玄月眼眸一亮:嘉福宫正是前皇后在时的寝宫,莫非她就被囚禁在那里?这人倒是别出心裁,任谁都不会想到会是这样!
“还有何处?”
“还有……景澜宫……闹鬼……”
又是闹鬼?
玄月神情更冷,景澜宫是何处,她不得而知,不过既然也被传闹鬼,肯定跟前皇后的事脱不了干系,看来她有必要去走一趟了。
再问了几句,确定问不出什么了,玄月既用沾了解药的手帕在他鼻子底下拂了拂,随即起身过去打开门,站在栏杆处叫,“孤晴。”

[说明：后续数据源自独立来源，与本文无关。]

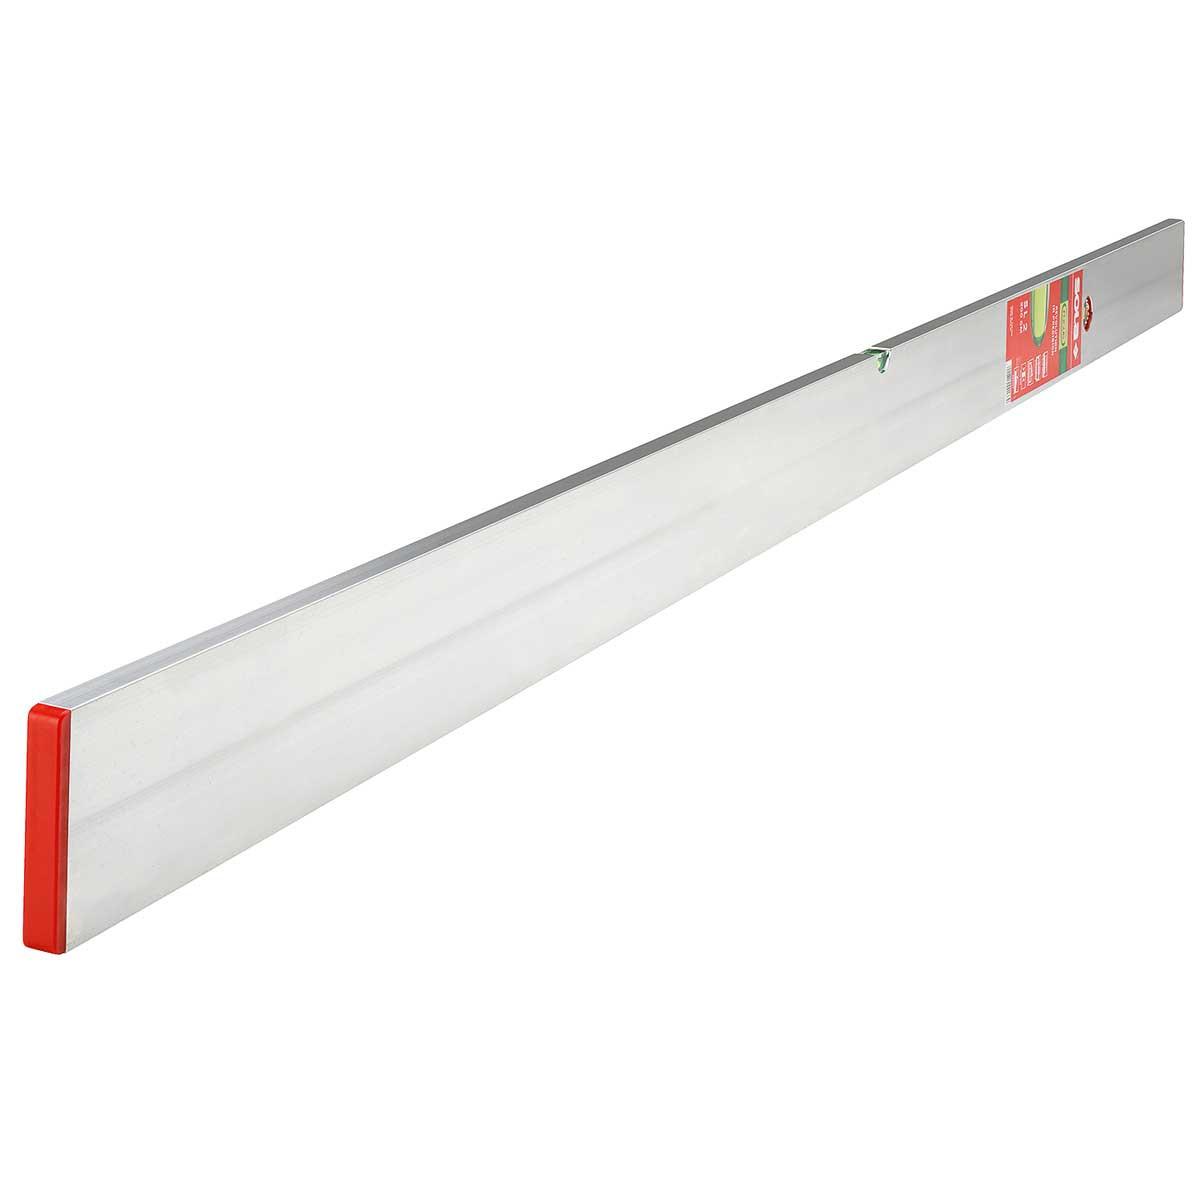 39 inch SL 2 100 Sola Aluminum Screeding Level

裘福正缠着孤晴说话,就是不想她上去破坏主子的好事,孤晴岂会不知,只是假做不耐烦罢了,听到叫声,她知道事情已了,上楼道,“小姐。”
“我有些醉了,扶我回去。”玄月伸手给她,看起来是有些不舒服。
裘福三两步跑上楼,上下打量她一眼:衣服整齐,发饰也没乱,难道……什么都没发生?他脸色变了变,不安地问,“玄月姑娘,太子殿下……”
不会是殿下着了她的道儿,不行了吧?那——
“在里面,”玄月向里一抬下巴,“殿下也喝多了,你快扶他回宫吧,别惹出事来。”
啊?这么说殿下是喝大法了,白白错过这么好的机会?裘福也不好多说,赶紧道,“有劳玄月姑娘。”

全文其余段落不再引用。